Can we have functions inside functions in C++?

Is there a way we can achieve our goal, without having to move bar() within foo() ie - without having to create a lambda or struct within foo ?

This is just a technical experiment to explore whether it is possible or not - it is not about what we "should" be doing, but rather to simply see if it is possible.

Rahul Iyer
  • 19,924
  • 21
  • 96
  • 190
  • maybe this can help you: https://stackoverflow.com/a/4324780/13687491 – nanu_nana Jun 30 '20 at 05:03
  • 1
    @nanu_nana Thanks! But that's exactly the same link I have included in my question ! :) – Rahul Iyer Jun 30 '20 at 05:04
  • 1
    No, this isn't possible any other way.
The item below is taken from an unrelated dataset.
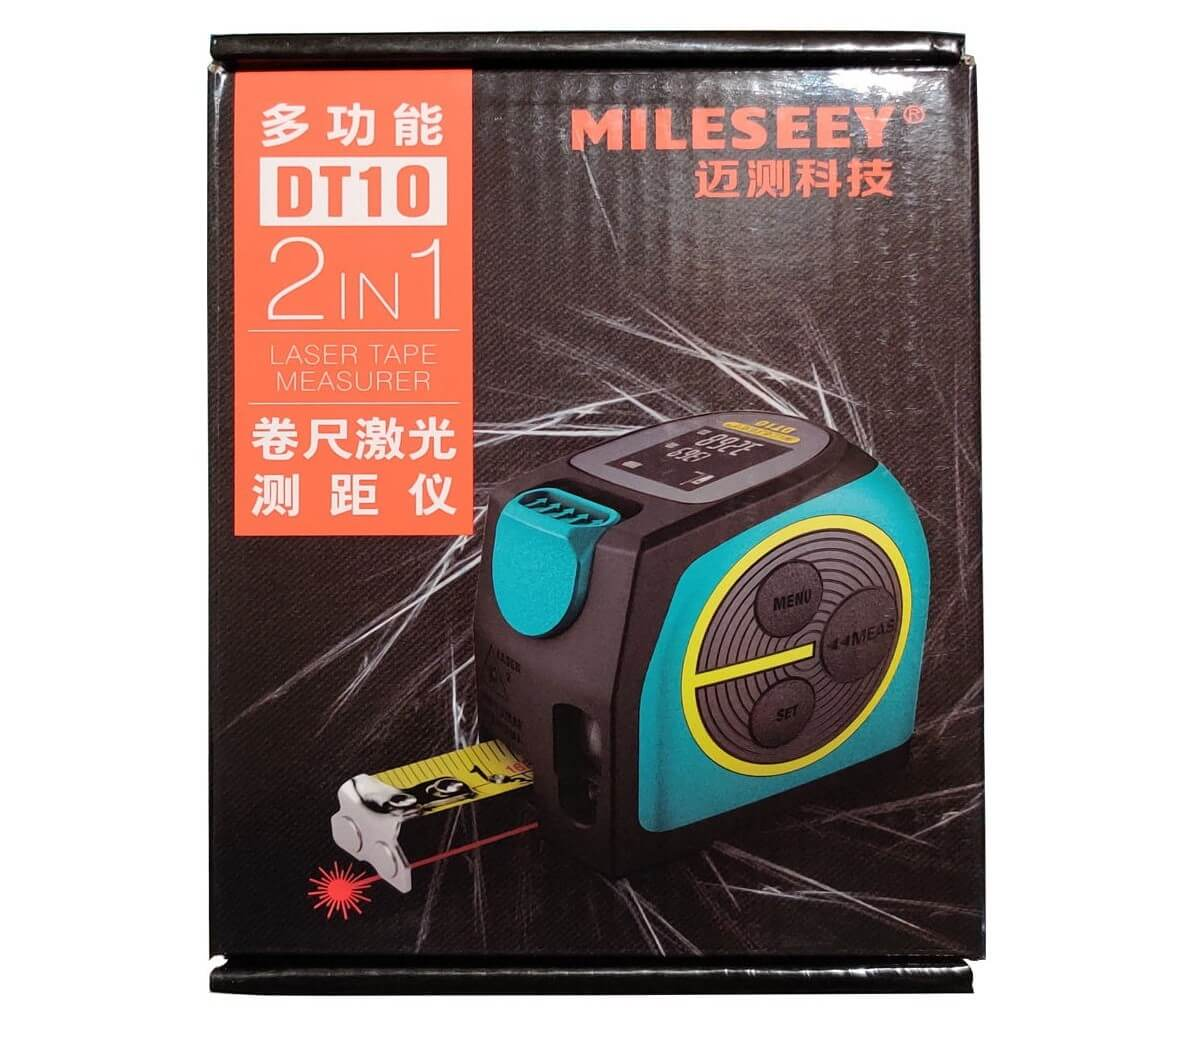 متر دیجیتال لیزری مایلسی DT10

And I would strongly call into question the rationale for doing this in the first place. – cdhowie Jun 30 '20 at 05:12
  • @cdhowie I highlighted in bold - we're simply trying to see what is possible in c++ or not. Don't think it deserves -1. :) – Rahul Iyer Jun 30 '20 at 05:15
  • 1
    Why do you assume that I downvoted? The answer to the question, then, is no -- unless you move the function in question into the function which is allowed to call it. There is no access modifier stricter than `private`. – cdhowie Jun 30 '20 at 05:17

2 Answers2

1

There are basically 6 areas where you can find out, which function is calling which or is called by another function.
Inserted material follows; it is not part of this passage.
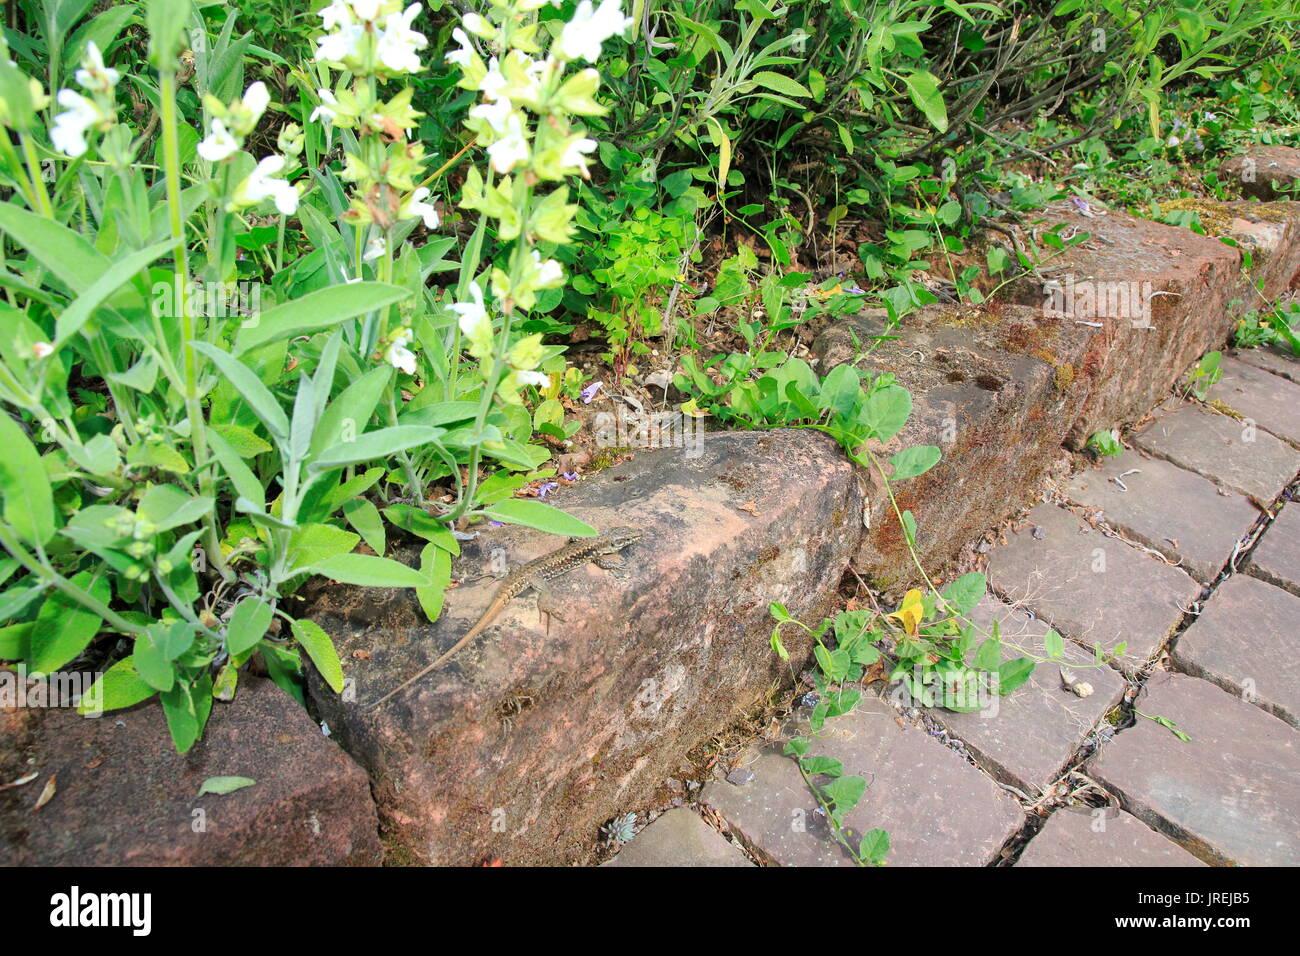 Ruineneidechse, Mauereidechse, Podarcis Siculus Eidechse Im Garten Im Blumen  Beet   Stock Image

  • Potentially by the linker
  • Definitely by the compiler
  • By the editor. A smart editor can show cross references
  • By 3rd party static code analysis tool
  • Unfortunately not by the C++ language with the code as shown
  • Yes, during runtime, with some hacks

I guess, you are refering to the C++ language.

And therefore the answer is No with the given constraints.

A M
  • 14,694
  • 5
  • 19
  • 44
1

You can return immediately from A::foo() if it is not called from A::bar() as in the following code. But I don't know how strict did you mean not callable from anything other than A::bar(). In any case, if we remove the std::cout lines, optimisation might remove the a.baz() altogether rendering A::foo() effectively not callable from A::baz().

#include <iostream>

class A;

typedef void (A::*AFunc_t)() ; // = nullptr;

class A
{
public:
   A() : Func(nullptr) {};

   void bar() {
      Func = &A::bar;

      // do stuff

      foo();
   }

   void foo() {
      if (Func != &A::bar) {
         std::cout << "foo is ***NOT*** called from bar so we return!" << "\n";
         return;
      }

      // do stuff
      std::cout << "foo is called from bar so do something!" << "\n";
   }

   void baz() {
      Func = &A::baz;

      // do stuff

      foo();

   }


   AFunc_t Func;
};



int main()
{
   A a;
   a.baz();
   a.bar();

   return 0;
}
stackoverblown
  • 734
  • 5
  • 10